Republican presidential candidate Nikki Haley has requested Secret Service protection in response to a flurry of threats and violent incidents at her rallies.
Mrs. Haley acknowledged making the request Monday afternoon in an interview with the Wall Street Journal.
“We’ve had multiple issues,” she said after a campaign event in Aiken, South Carolina, in advance of her home state’s upcoming primary. “It’s not going to stop me from doing what I need to do.”
The Journal did not get an immediate response from the Haley campaign for details about the threats she has received, but there have been some physical confrontations at her rallies.
The Journal cited in its Monday report that a woman tried to rush the stage last week in Columbia, South Carolina, and that there have been “protesters in recent days at her events upset about her support for Ukraine and Israel.”
Her home also has been “swatted” at least once, in which a caller falsely tells police a crime is ongoing at a residence of a disliked person in the hope the police will send a SWAT team and something will go wrong. Mrs. Haley said she herself wasn’t home at the time, though her elderly parents and their caregiver were.
When asked late last week about the earlier incidents at her campaign events, Mrs.
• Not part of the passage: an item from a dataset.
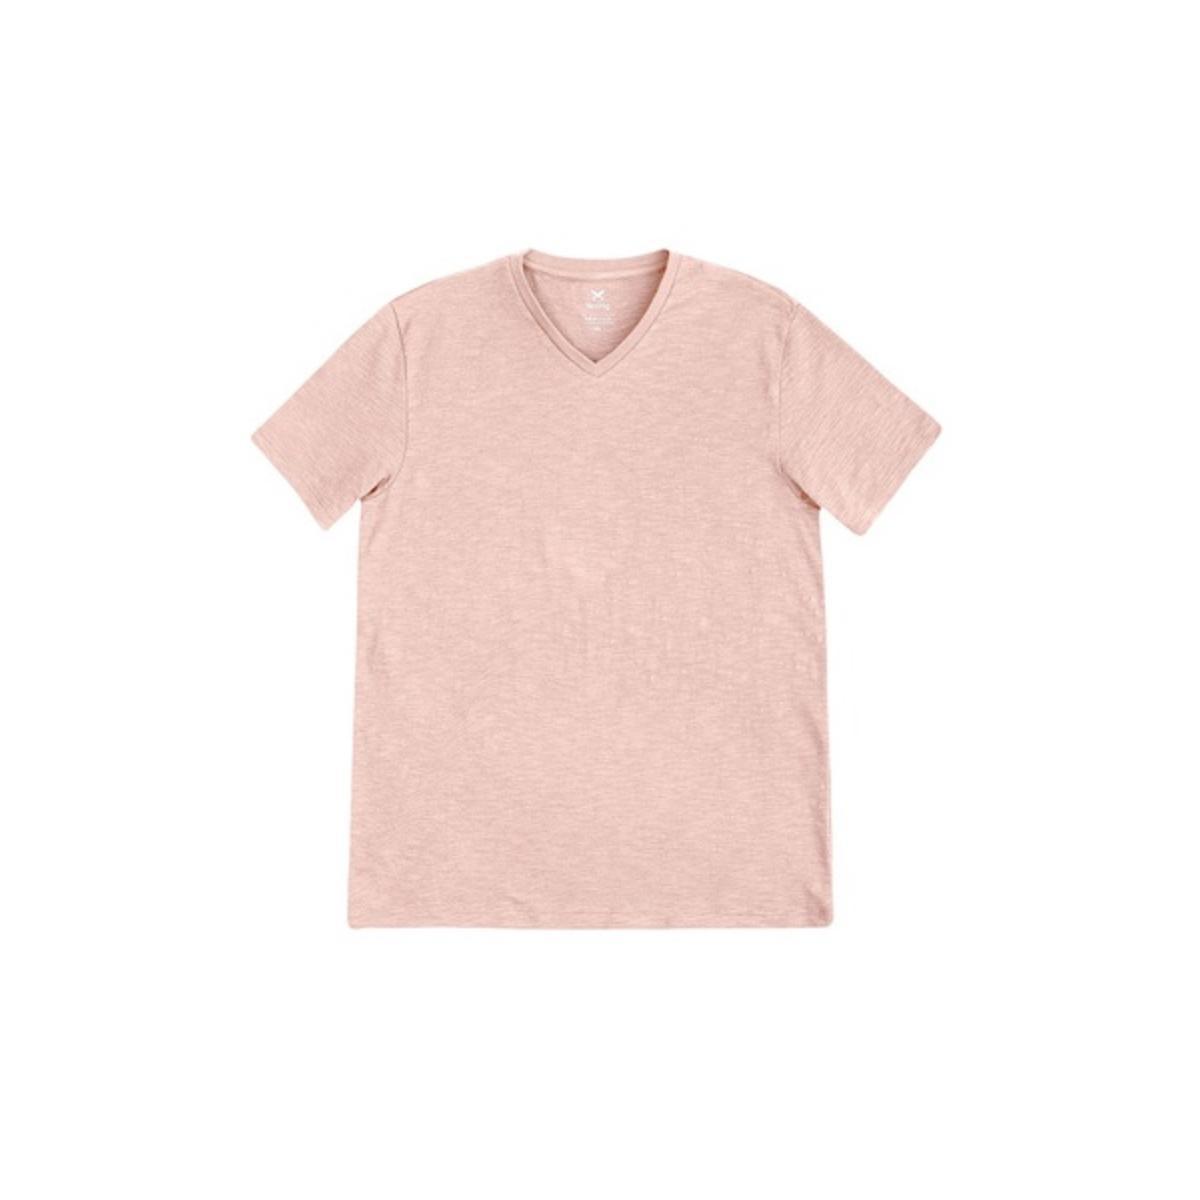 Camiseta Masculina Hering N2k5 Krren Rose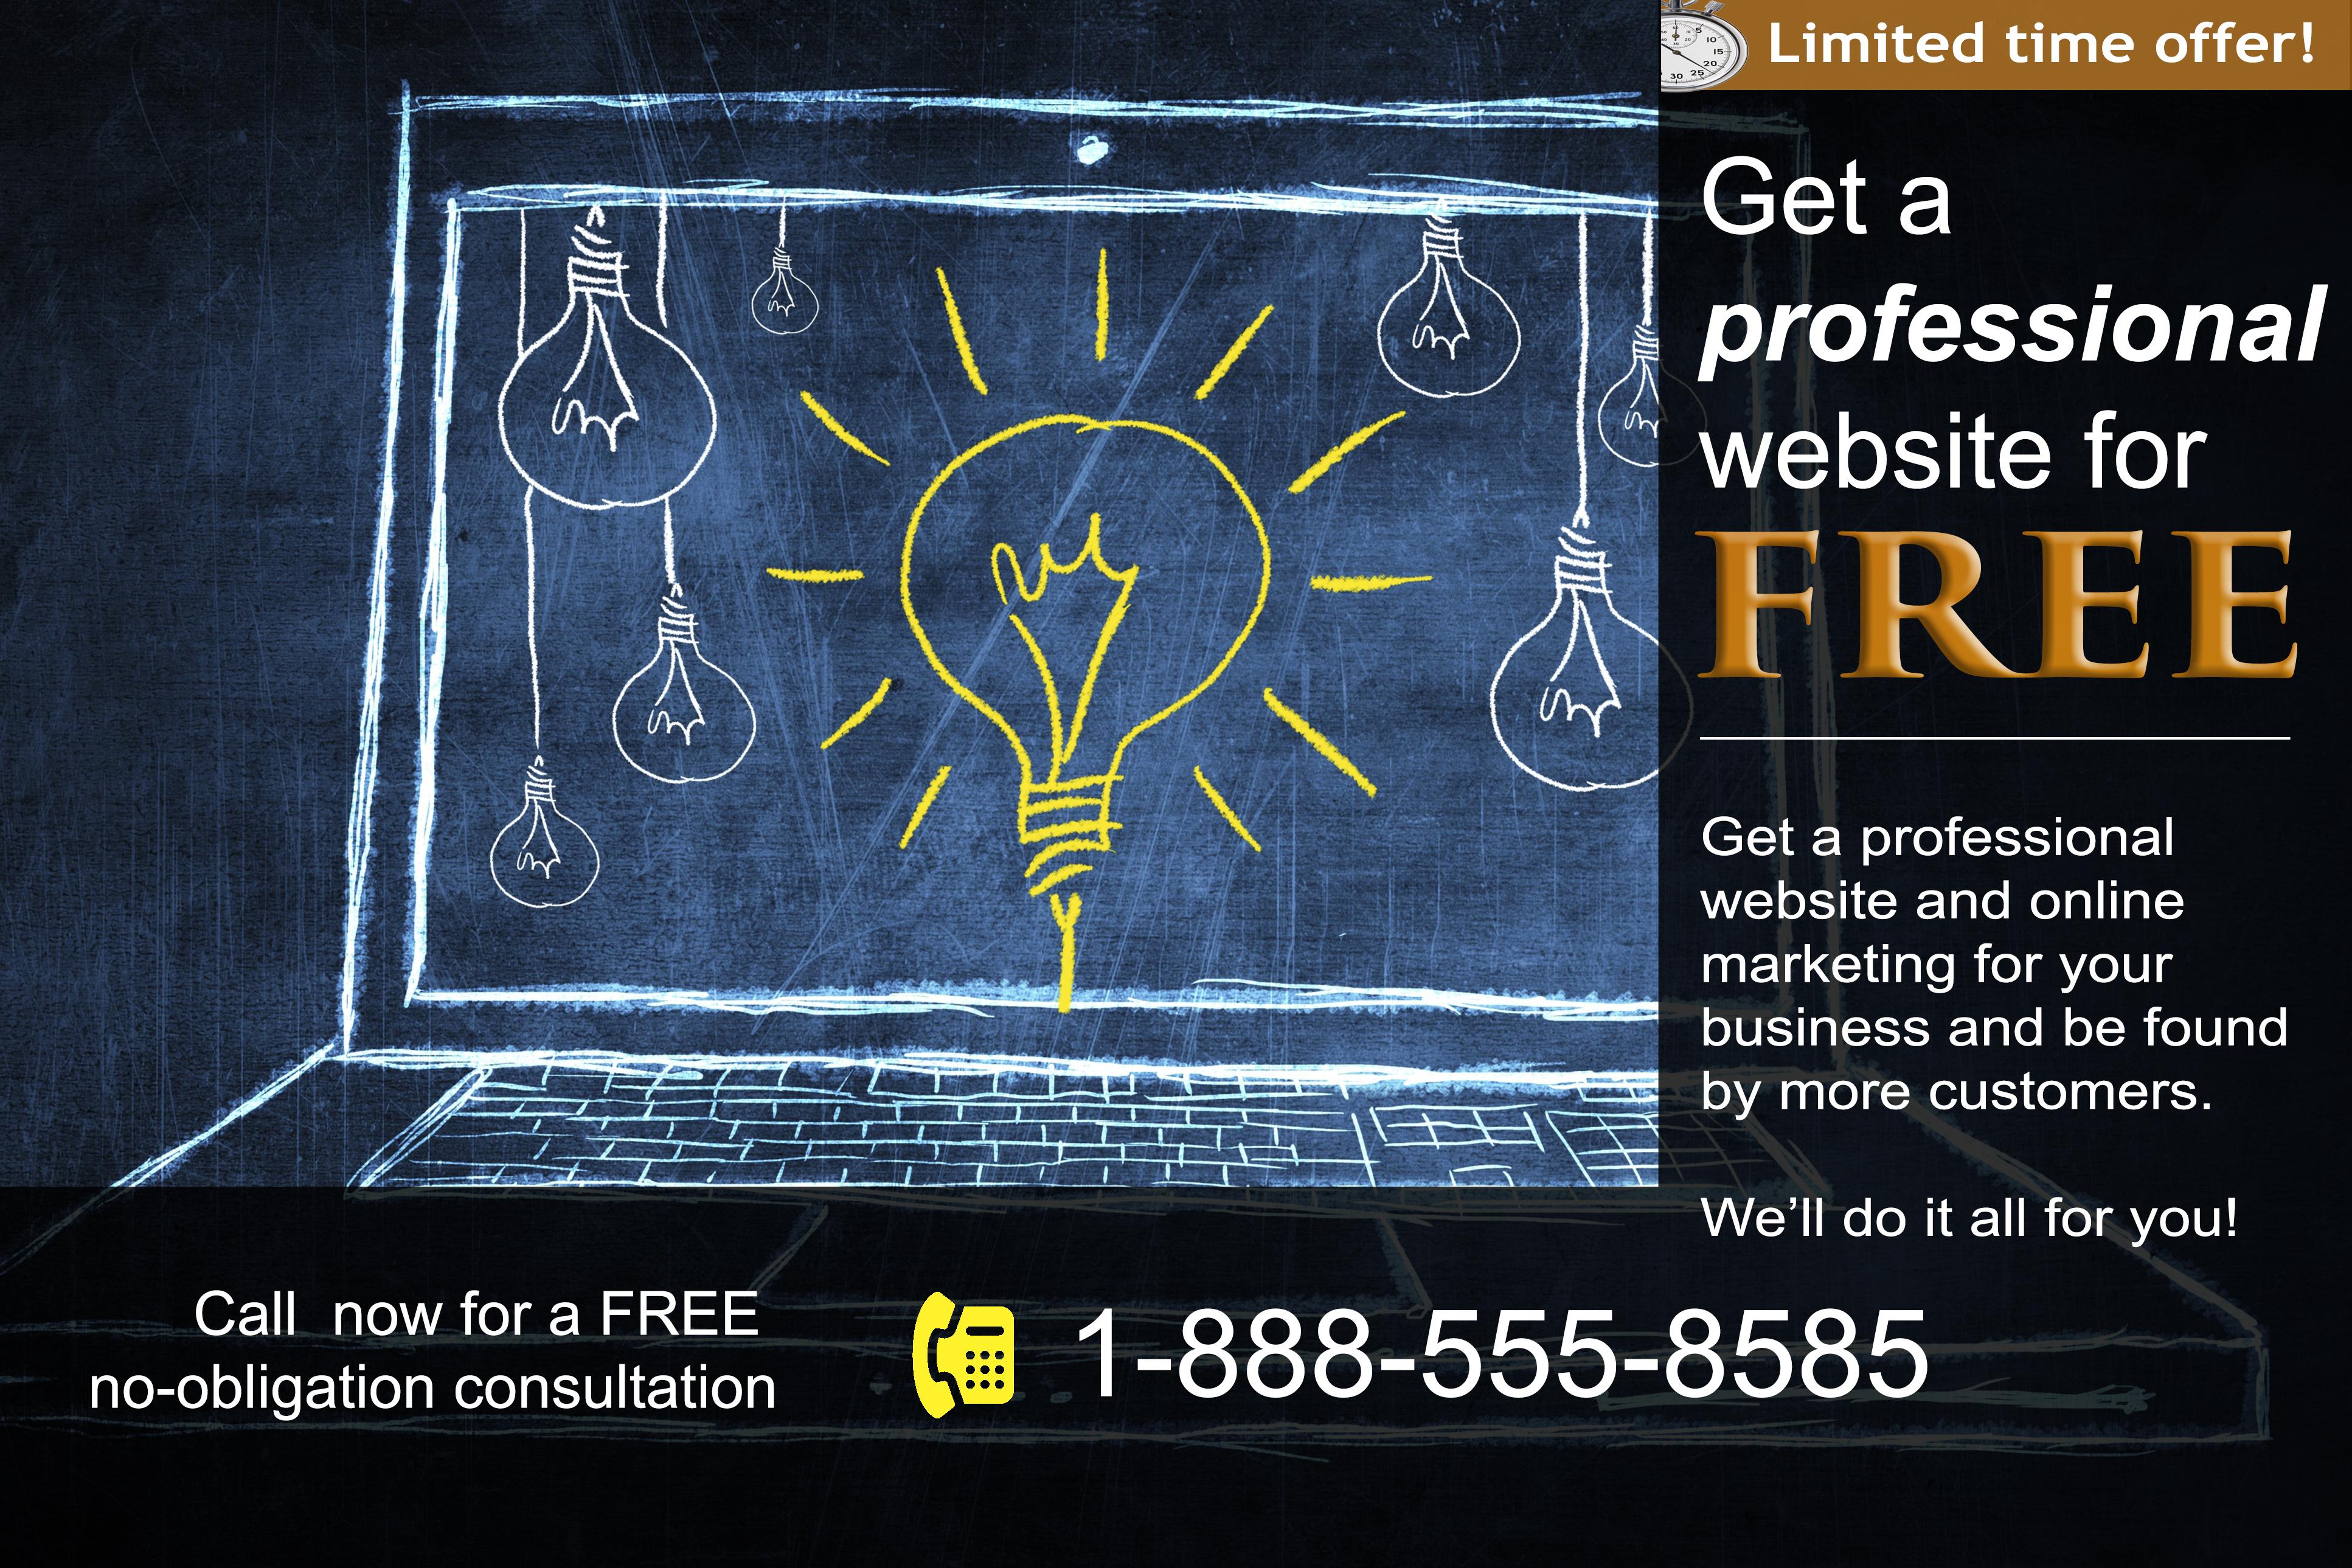 Free website ad

Haley said they weren’t unexpected, though she didn’t say then that she would soon be asking for Secret Service assistance.
“When you do something like this, you get threats,” she said. “It’s just the reality.”
She said she has “put a few more bodies around us,” but she would continue retail campaigning.
“At the end of the day, we’re going to go out there and touch every hand, we’re going to answer every question, we’re going to make sure that we are there and doing everything that we need to,” she said.